*Data segment:*
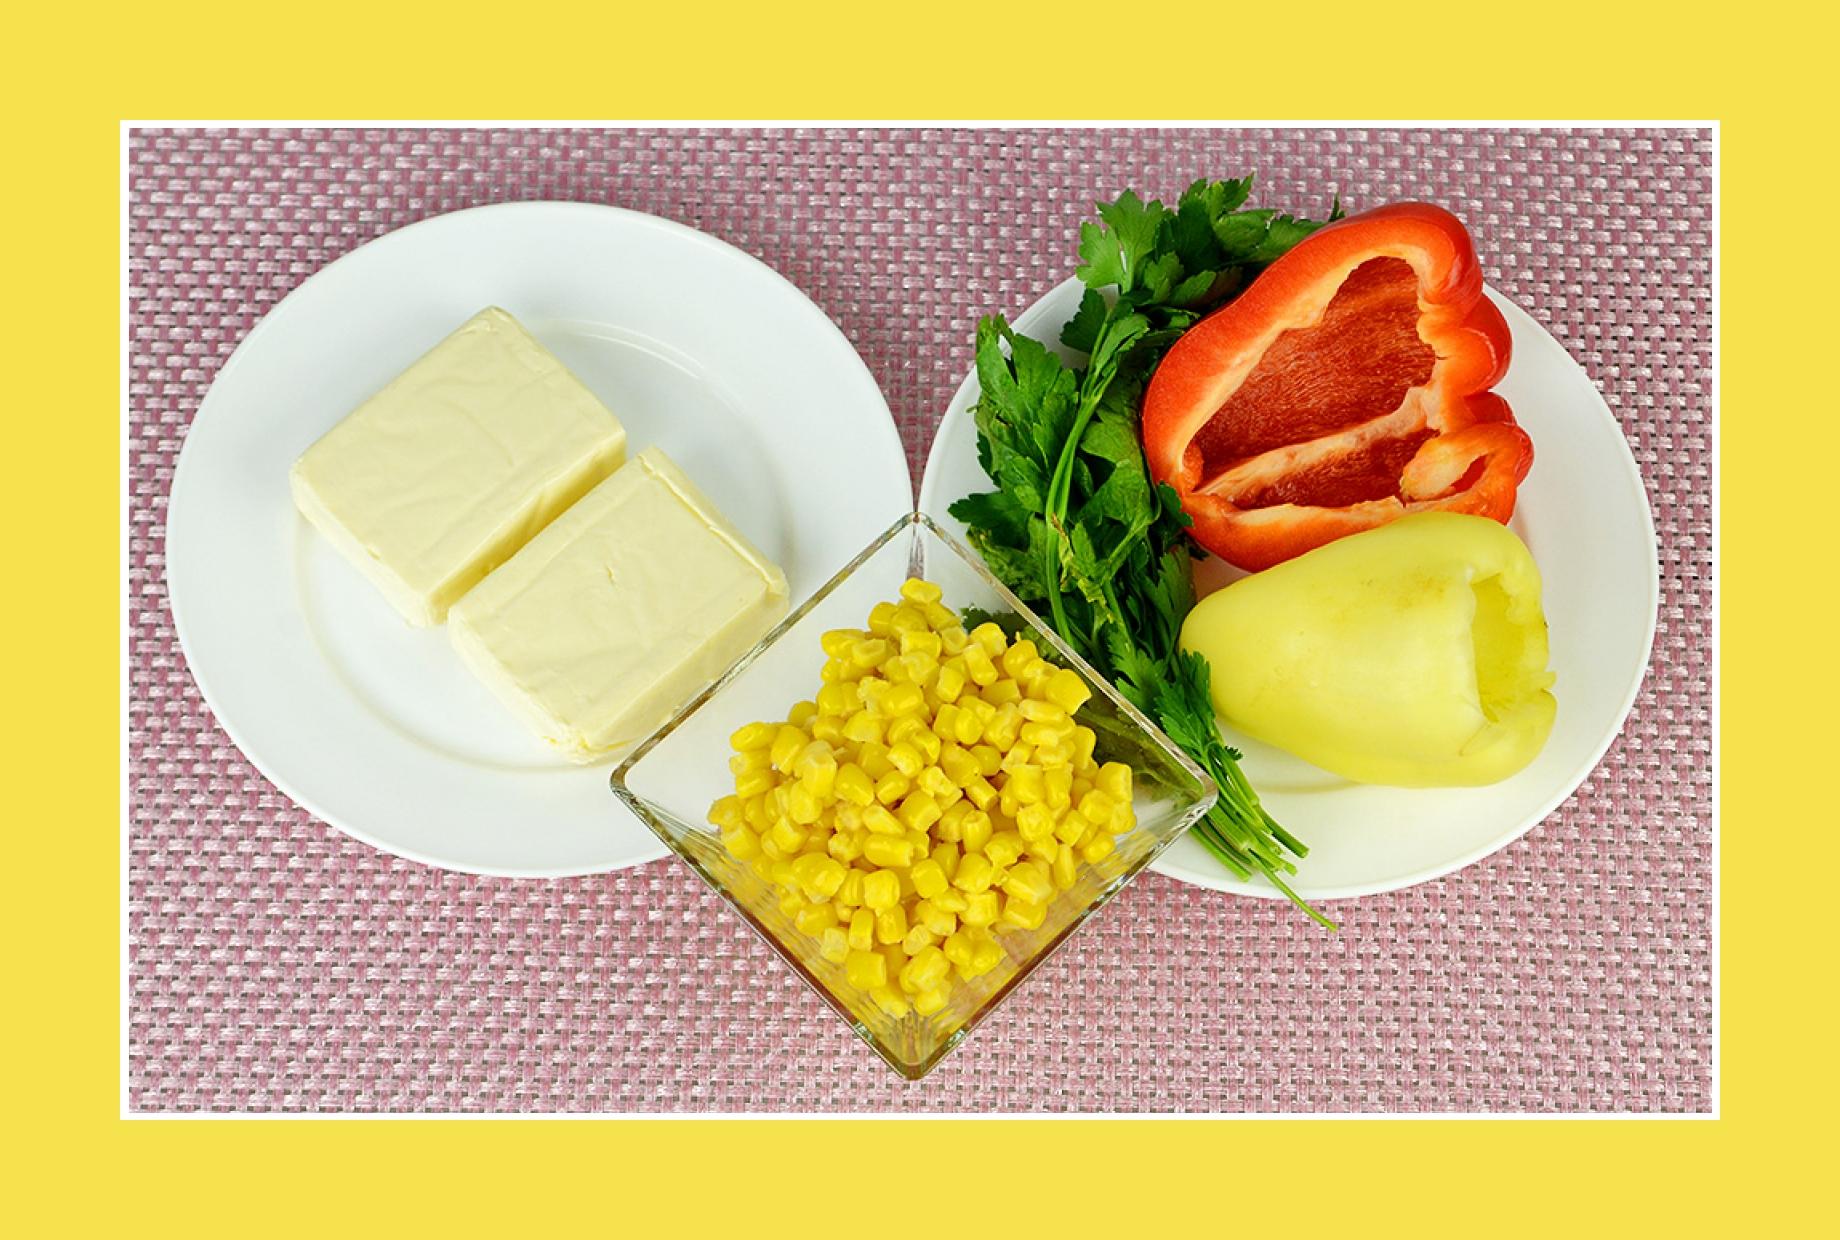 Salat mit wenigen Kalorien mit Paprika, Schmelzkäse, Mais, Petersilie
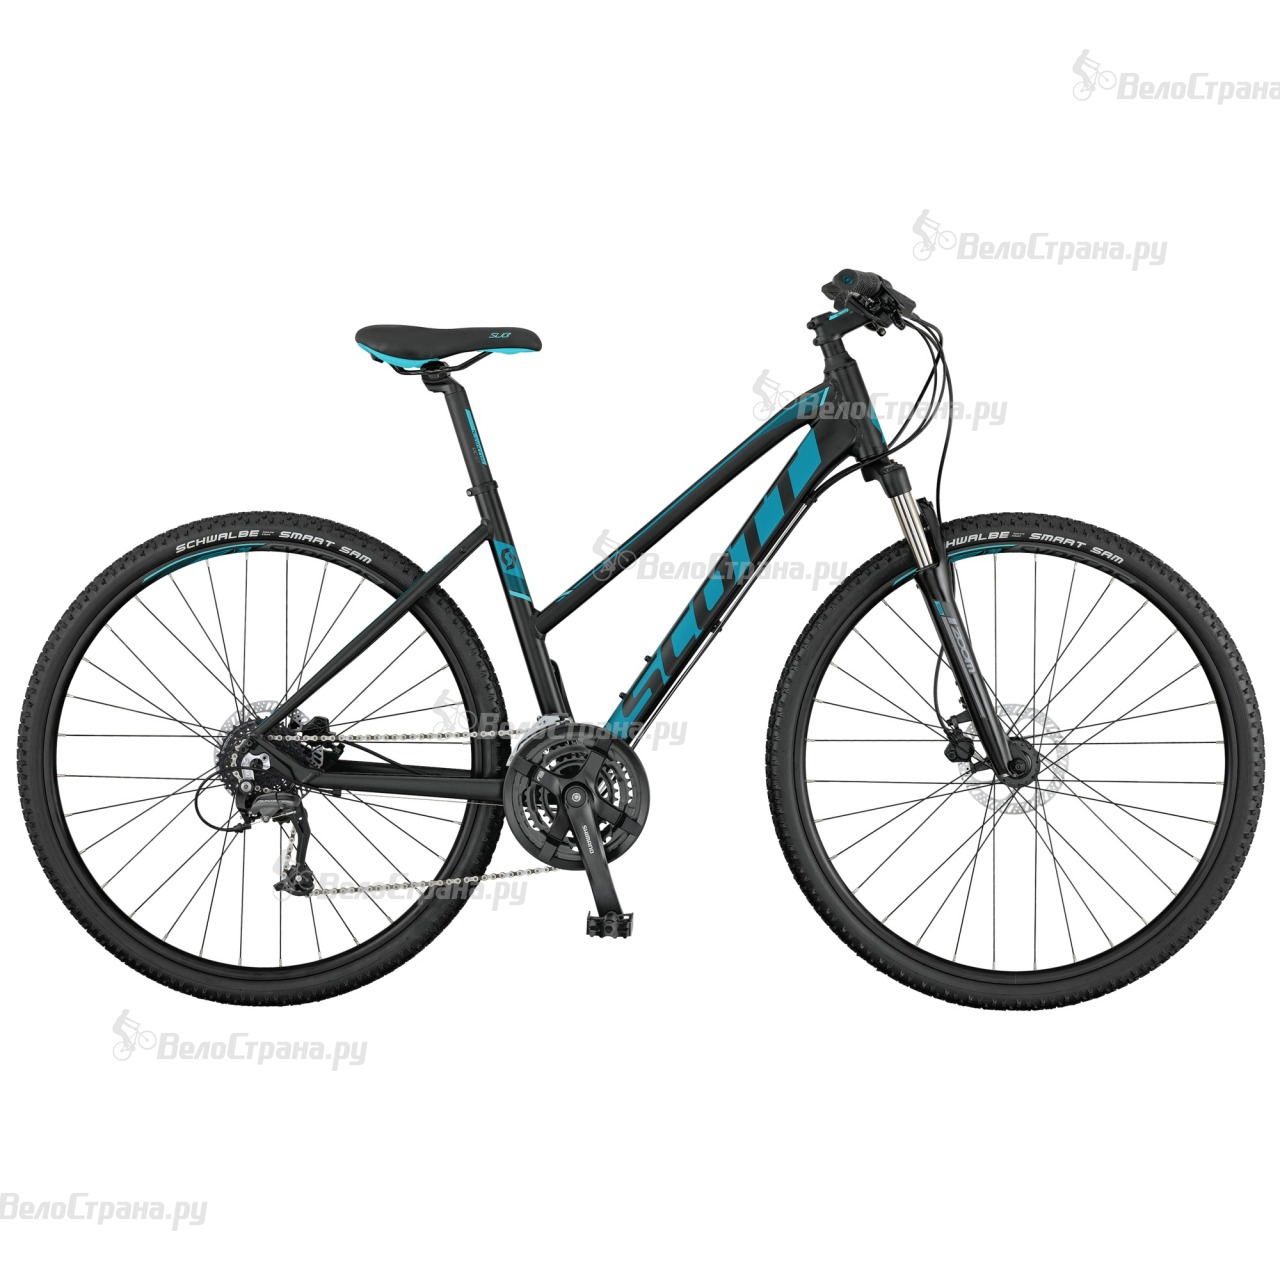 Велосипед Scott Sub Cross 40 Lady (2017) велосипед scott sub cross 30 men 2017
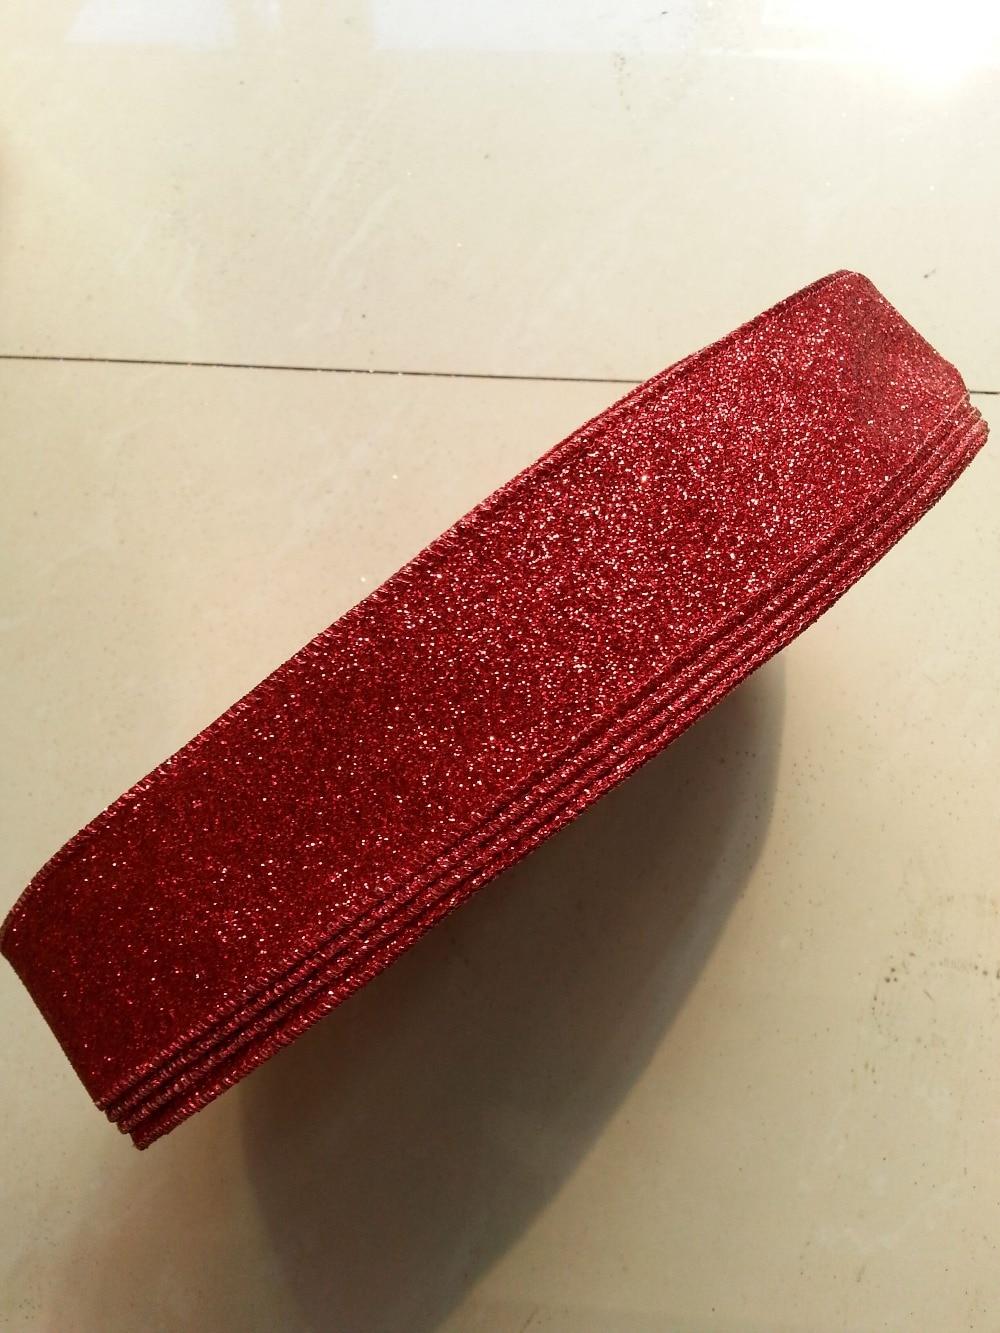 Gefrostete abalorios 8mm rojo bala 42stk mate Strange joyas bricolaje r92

*Exercise details:* Restate all of the material word for word. Keep out every picture.

*Response below:*
 Salat mit wenigen Kalorien mit Paprika, Schmelzkäse, Mais, Petersilie
 Велосипед Scott Sub Cross 40 Lady (2017) велосипед scott sub cross 30 men 2017
 Gefrostete abalorios 8mm rojo bala 42stk mate Strange joyas bricolaje r92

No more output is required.